■ **Work to be completed**
From the material below, reproduce exactly the stretch of lines that begins with the line holding "Professioneller weiblicher lächelnder" and ends with the line holding "บริษัทรับทำเว็", skipping the pictures.
(Data to process begins)
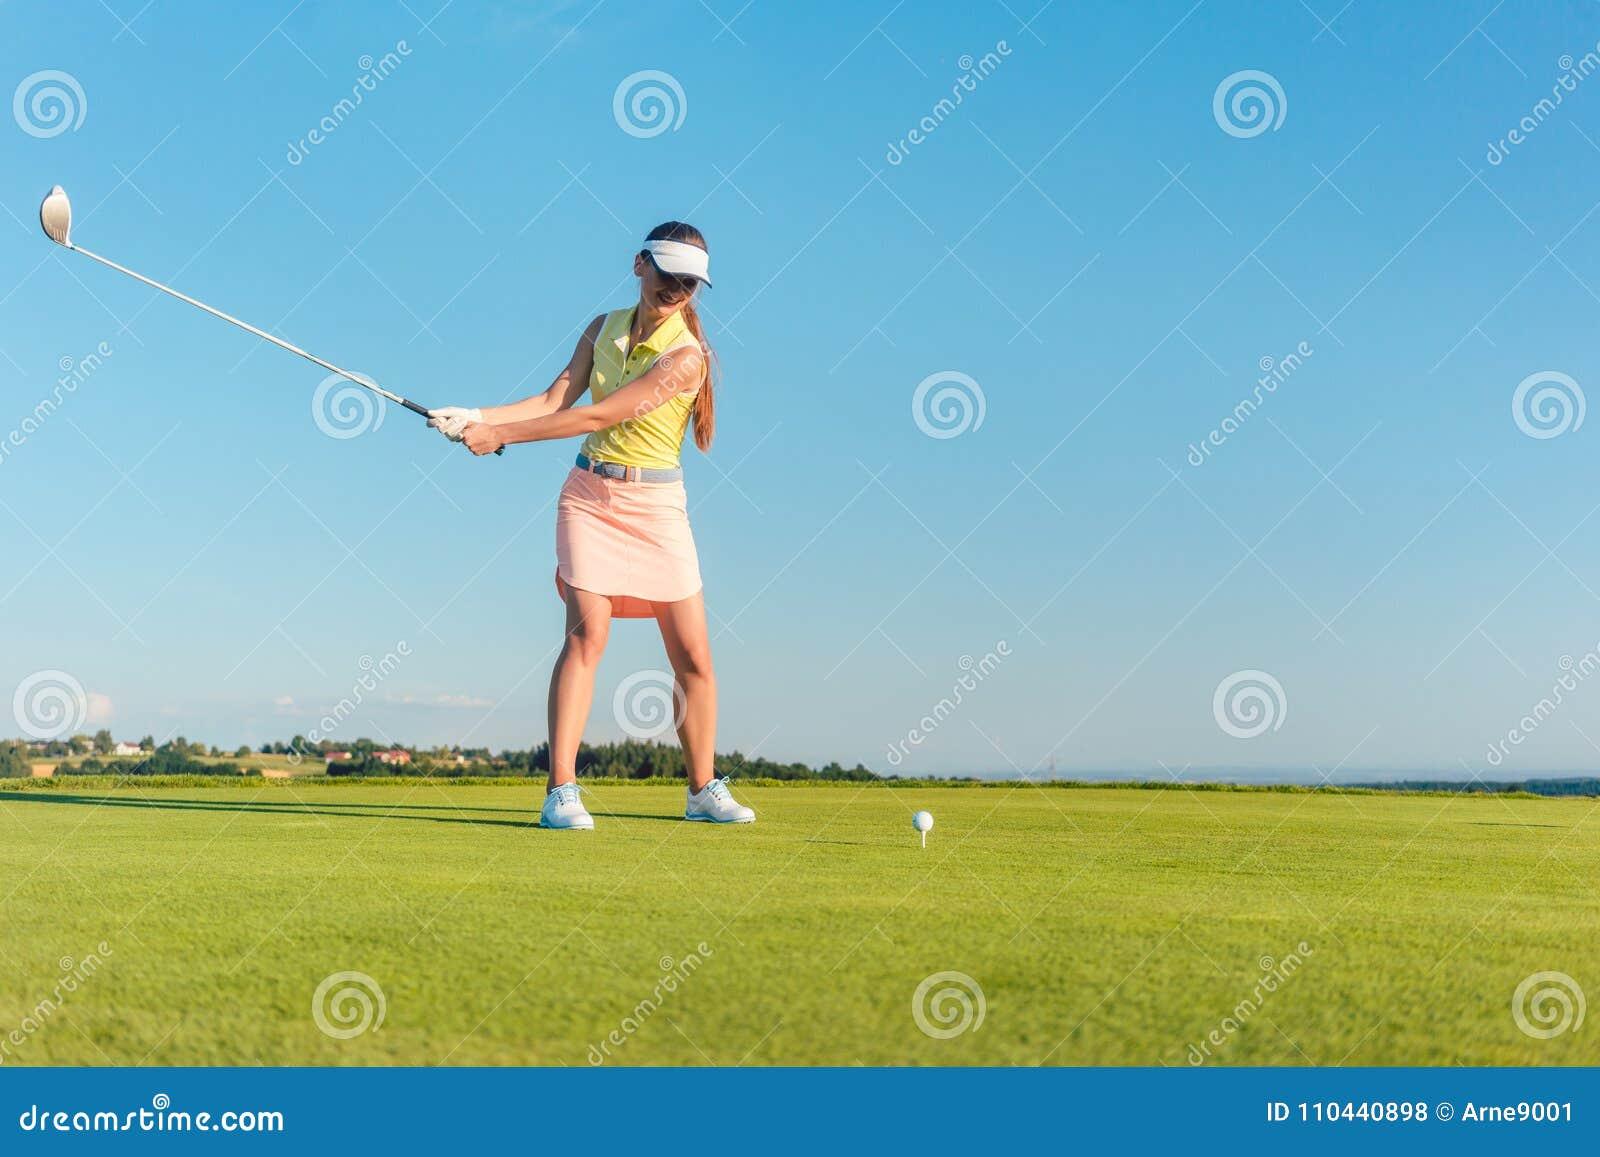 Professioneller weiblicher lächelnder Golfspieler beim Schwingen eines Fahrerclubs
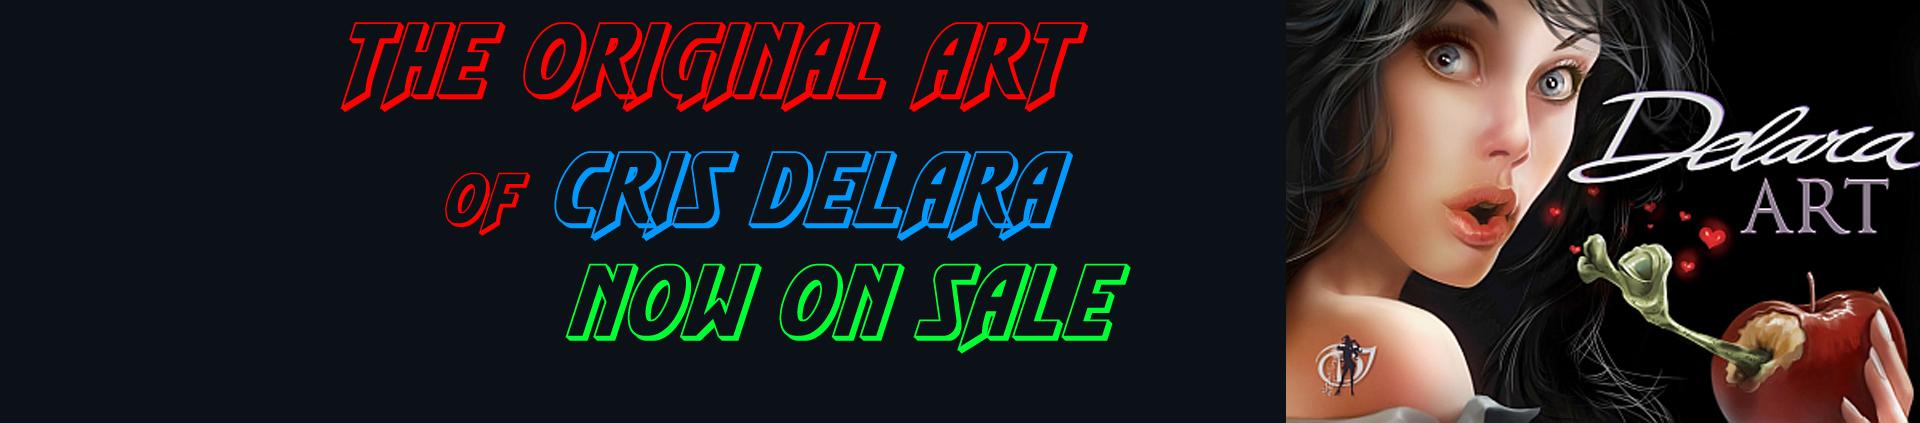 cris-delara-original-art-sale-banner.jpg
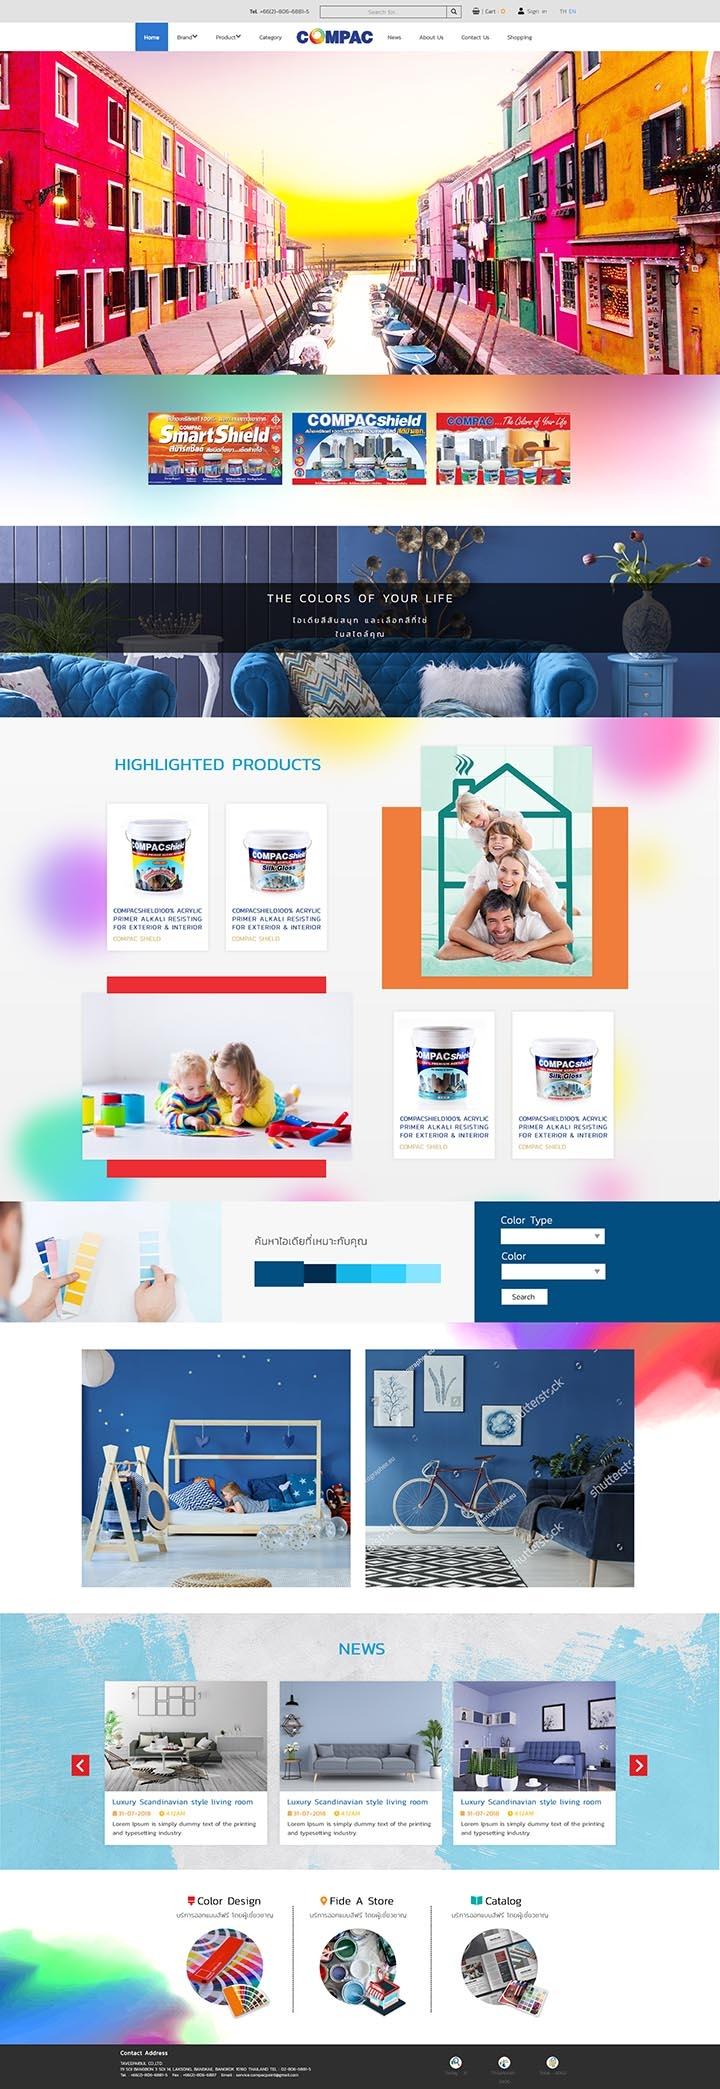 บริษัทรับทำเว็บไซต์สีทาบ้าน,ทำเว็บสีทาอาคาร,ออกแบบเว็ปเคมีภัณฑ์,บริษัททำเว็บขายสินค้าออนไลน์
(Data to process ends)
(Data to process begins)
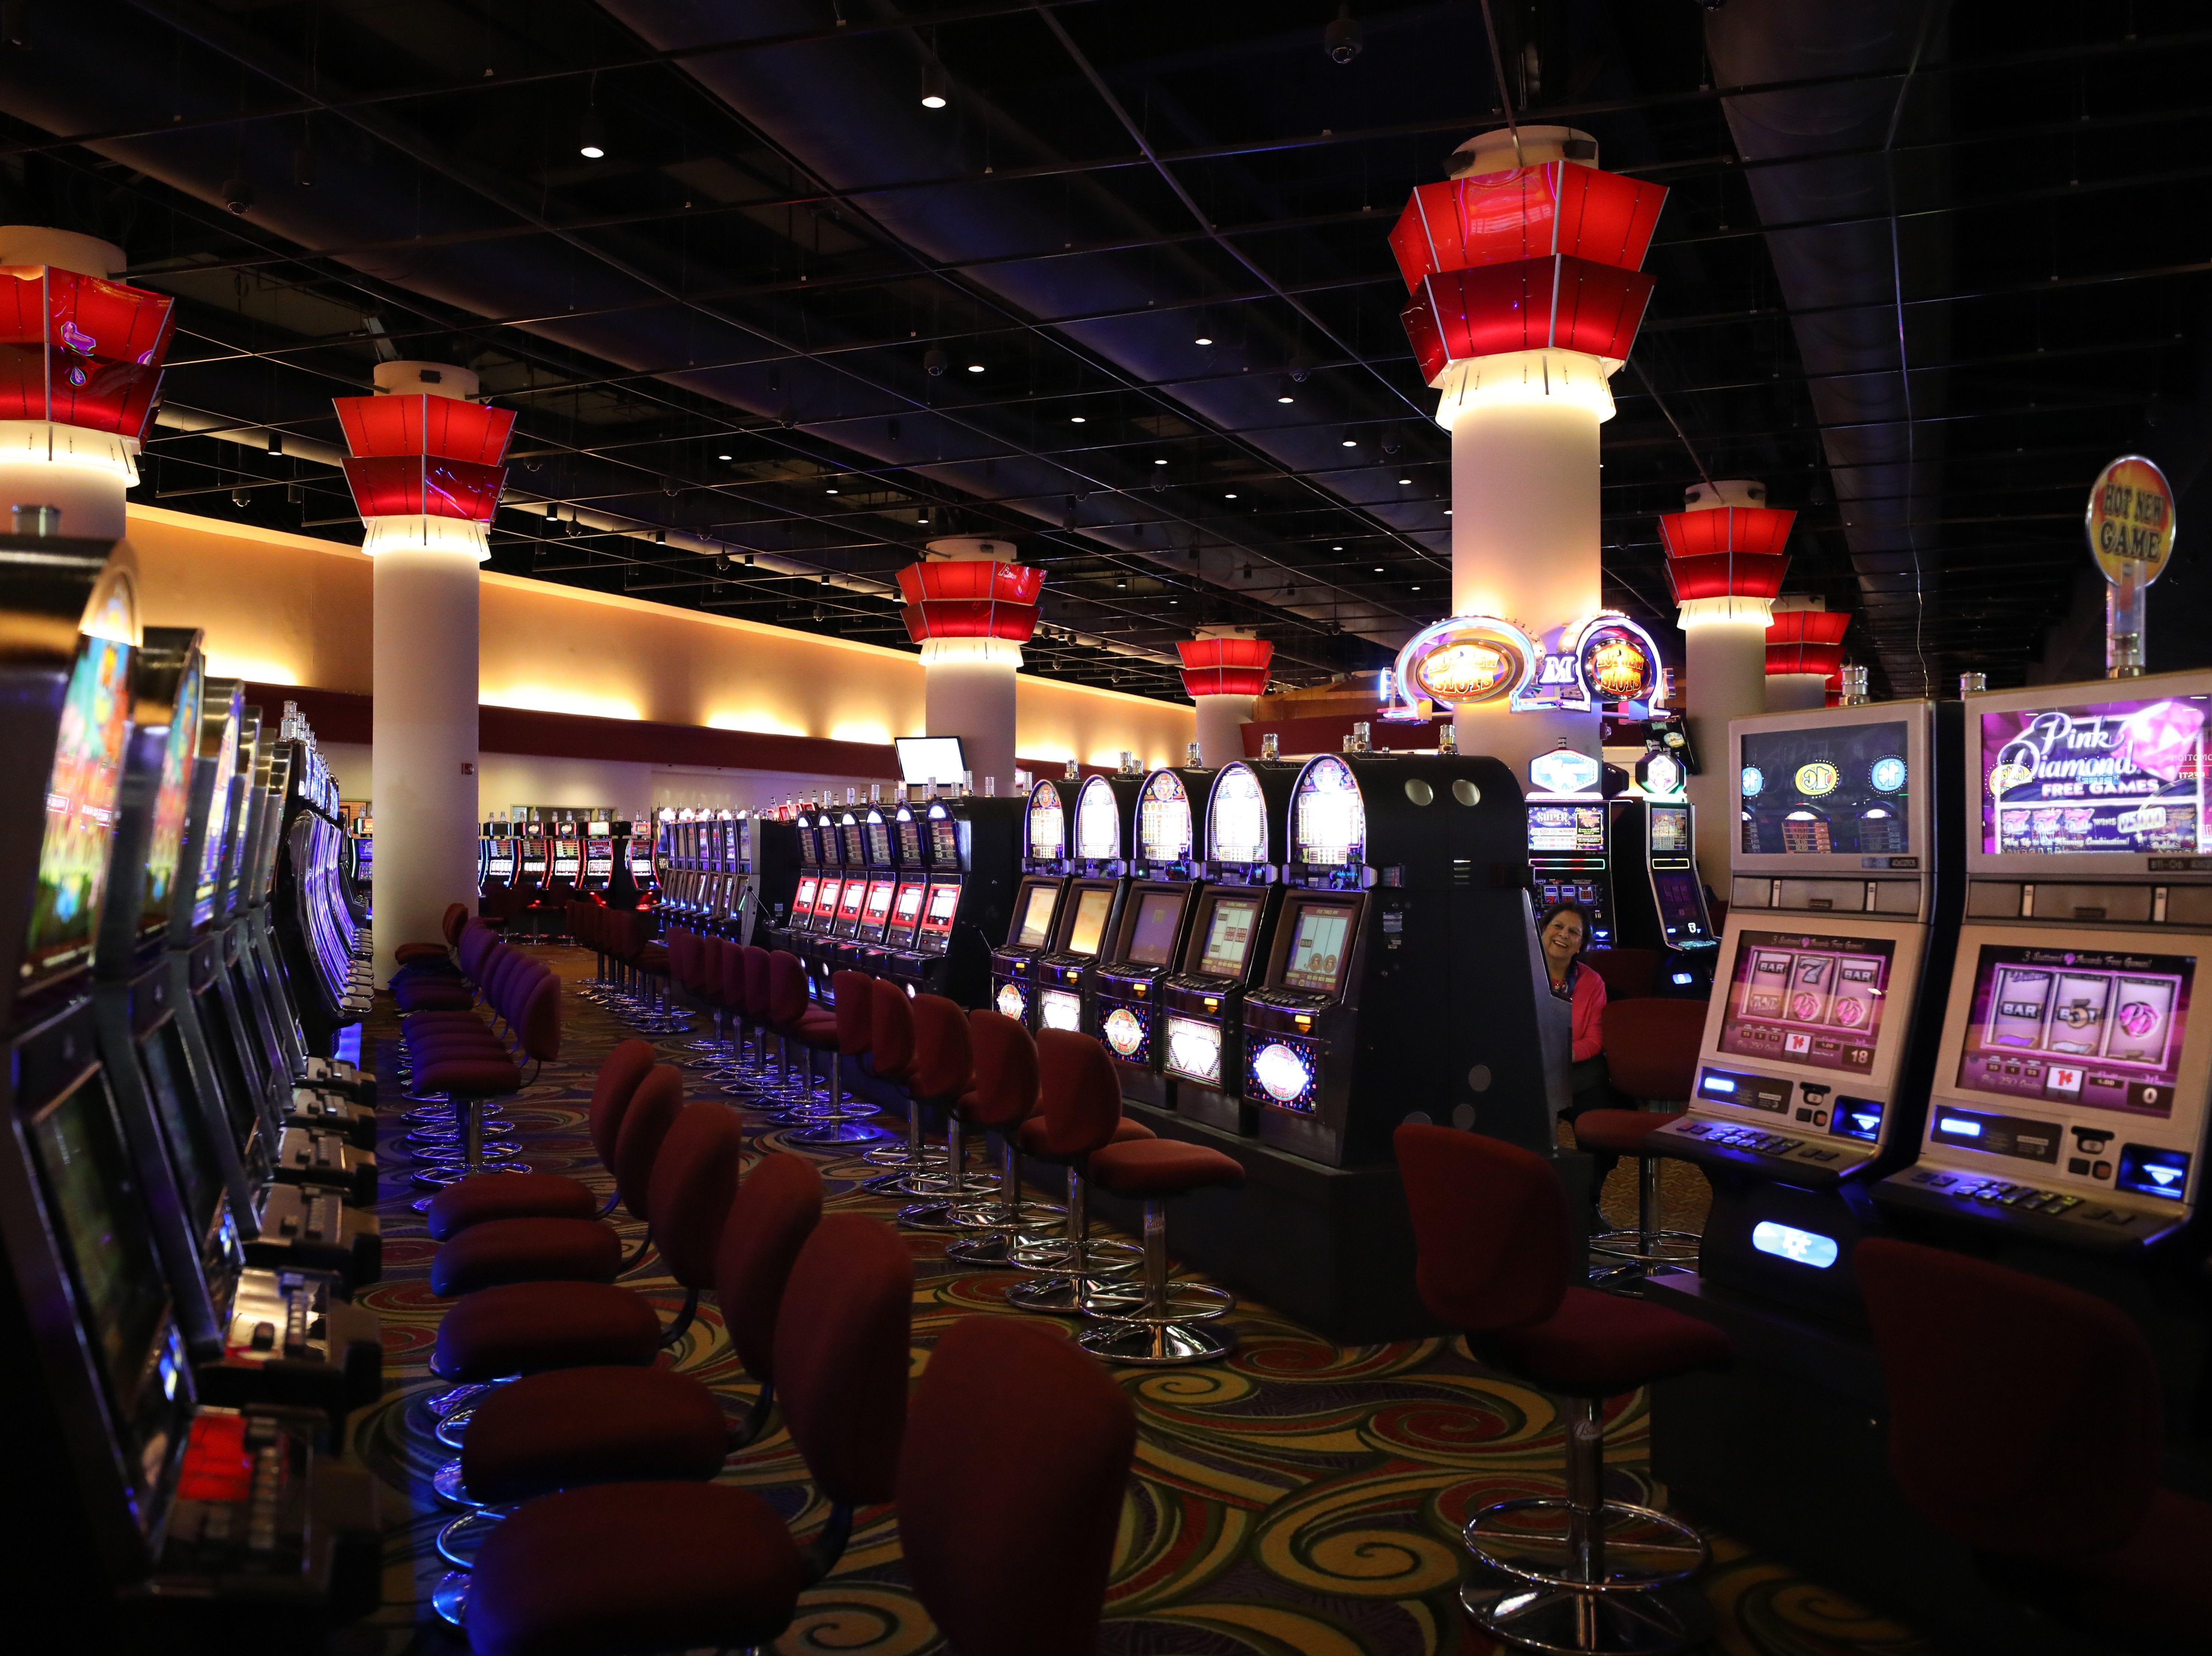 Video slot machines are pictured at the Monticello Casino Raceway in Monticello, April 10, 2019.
(Data to process ends)
■ **Output for this exercise**
 Professioneller weiblicher lächelnder Golfspieler beim Schwingen eines Fahrerclubs
 cris-delara-original-art-sale-banner.jpg
 บริษัทรับทำเว็บไซต์สีทาบ้าน,ทำเว็บสีทาอาคาร,ออกแบบเว็ปเคมีภัณฑ์,บริษัททำเว็บขายสินค้าออนไลน์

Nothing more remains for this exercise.